The research question and motivation are clearly stated in the introduction, including citations for the data source and any external research. The data are clearly described, including a description about how the data were originally collected and a concise definition of the variables relevant to understanding the report. The data cleaning process is clearly described, including any decisions made in the process (e.g., creating new variables, removing observations, etc.) The explanatory data analysis helps the reader better understand the observations in the data along with interesting and relevant relationships between the variables. It incorporates appropriate visualizations and summary statistics.

Methodology

This section includes a brief description of your modeling process. Explain the reasoning for the type of model you’re fitting, predictor variables considered for the model including any interactions. Additionally, show how you arrived at the final model by describing the model selection process, interactions considered, variable transformations (if needed), assessment of conditions and diagnostics, and any other relevant considerations that were part of the model fitting process.

Grading criteria

The analysis steps are appropriate for the data and research question. The group used a thorough and careful approach to select the final model; the approach is clearly described in the report. The model selection process was reasonable, and addressed any violations in model conditions were discussed and/or fixed. The model conditions and diagnostics are thoroughly and accurately assessed for their model. If violations of model conditions are still present, there was a reasonable attempt to address the violations based on the course content.

Results

This is where you will output the final model with any relevant model fit statistics. Describe the key results from the model.
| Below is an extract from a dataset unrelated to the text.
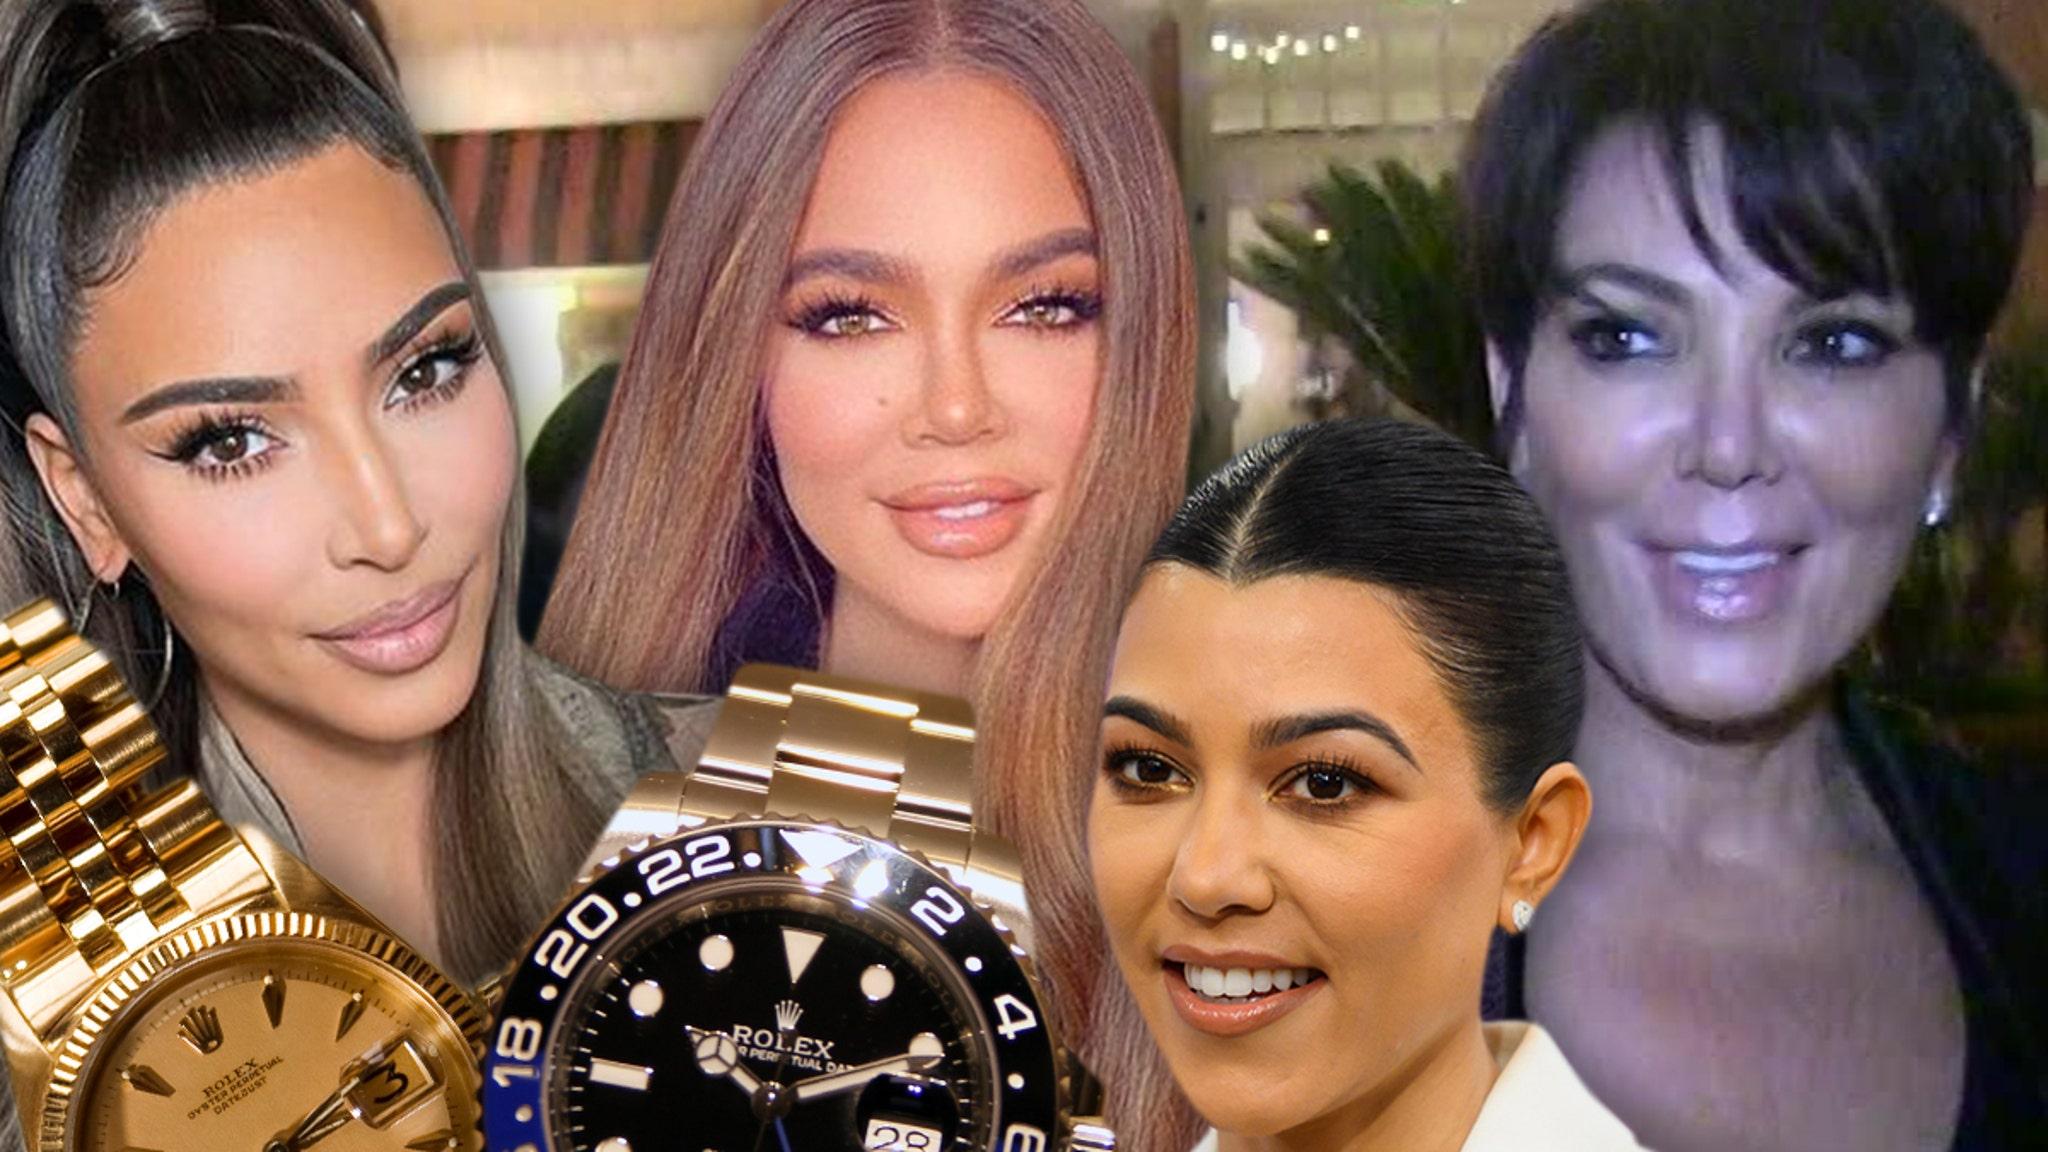 Kardashians Give 'KUWTK' Crew Rolex Watches After Final Episode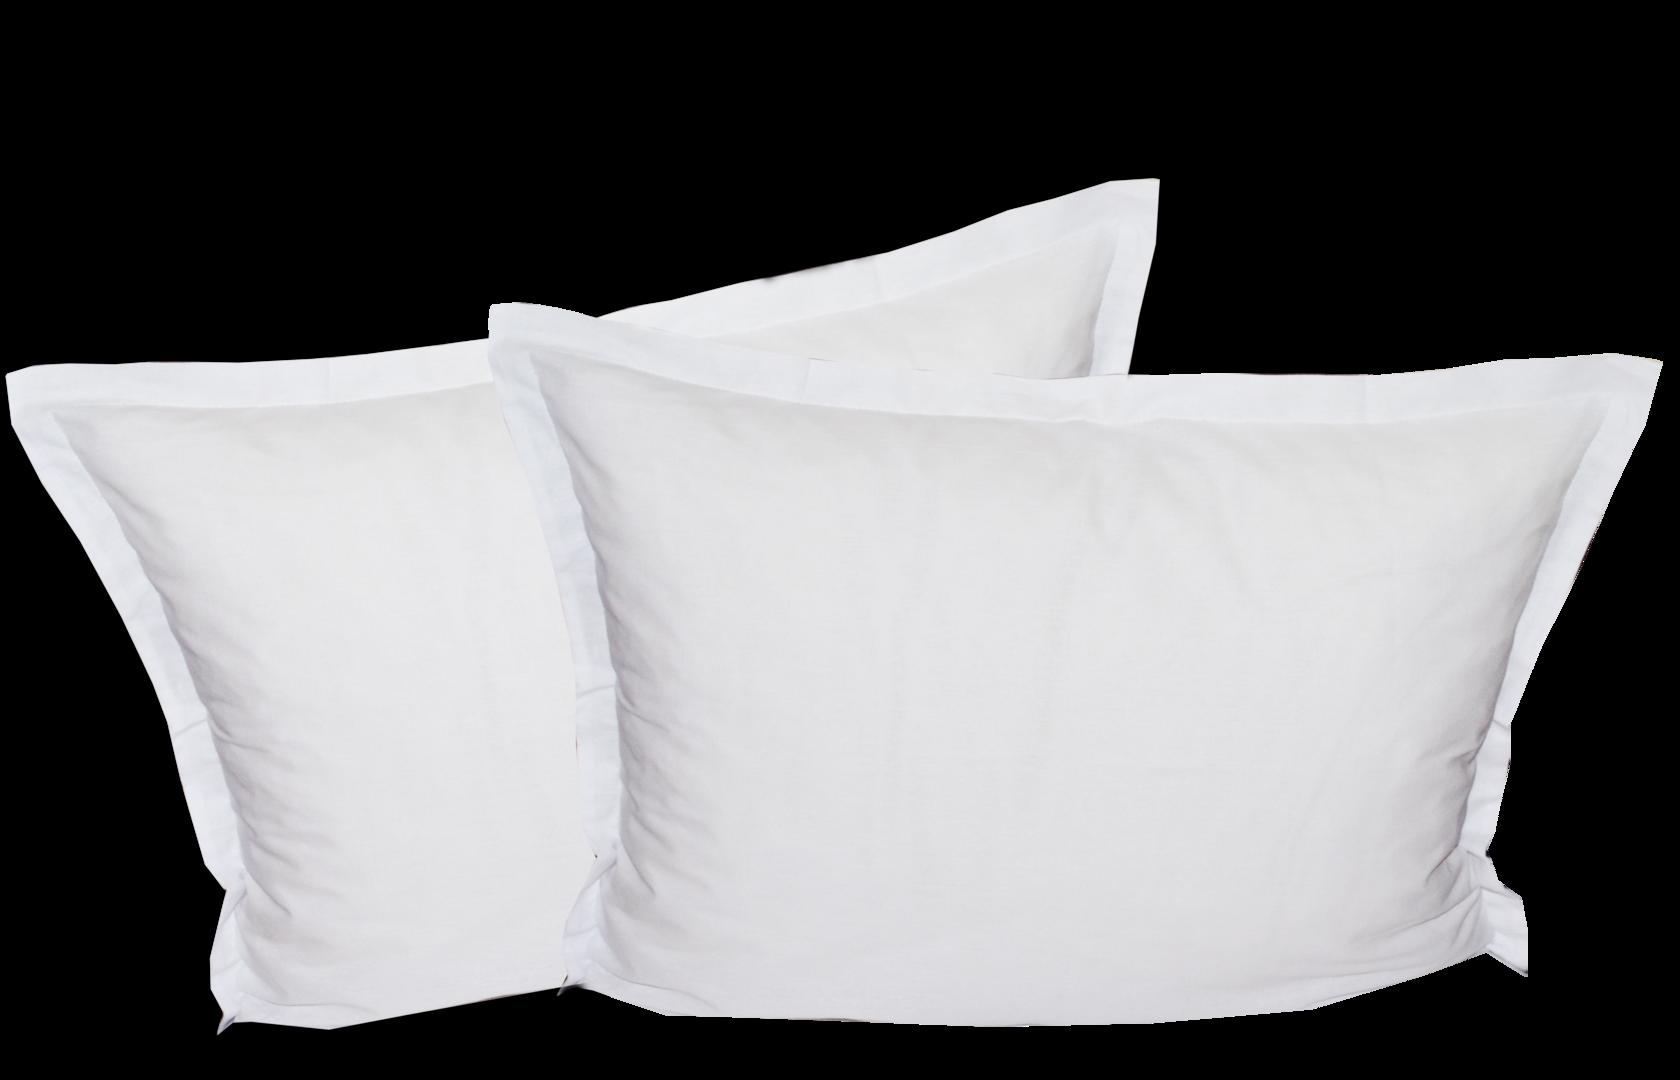 Pillow Png Image Pillows Pastel Pillows Kids Pillow Cases

The goal is not to interpret every single variable in the model but rather to show that you are proficient in using the model output to address the research questions, using the interpretations to support your conclusions. Focus on the variables that help you answer the research question and that provide relevant context for the reader.

Grading criteria

The model fit is clearly assessed, and interesting findings from the model are clearly described. Interpretations of model coefficients are used to support the key findings and conclusions, rather than merely listing the interpretation of every model coefficient. If the primary modeling objective is prediction, the model’s predictive power is thoroughly assessed.

Discussion

In this section you’ll include a summary of what you have learned about your research question along with statistical arguments supporting your conclusions. In addition, discuss the limitations of your analysis and provide suggestions on ways the analysis could be improved. Any potential issues pertaining to the reliability and validity of your data and appropriateness of the statistical analysis should also be discussed here. Lastly, this section will include ideas for future work.

Grading criteria

Overall conclusions from analysis are clearly described, and the model results are put into the larger context of the subject matter and original research question. There is thoughtful consideration of potential limitations of the data and/or analysis, and ideas for future work are clearly described.

Organization + formatting

This is an assessment of the overall presentation and formatting of the written report.

Grading criteria

The report neatly written and organized with clear section headers and appropriately sized figures with informative labels. Numerical results are displayed with a reasonable number of digits, and all visualizations are neatly formatted. All citations and links are properly formatted. If there is an appendix, it is reasonably organized and easy for the reader to find relevant information. All code, warnings, and messages are suppressed. The main body of the written report (not including the appendix) is no longer than 10 pages.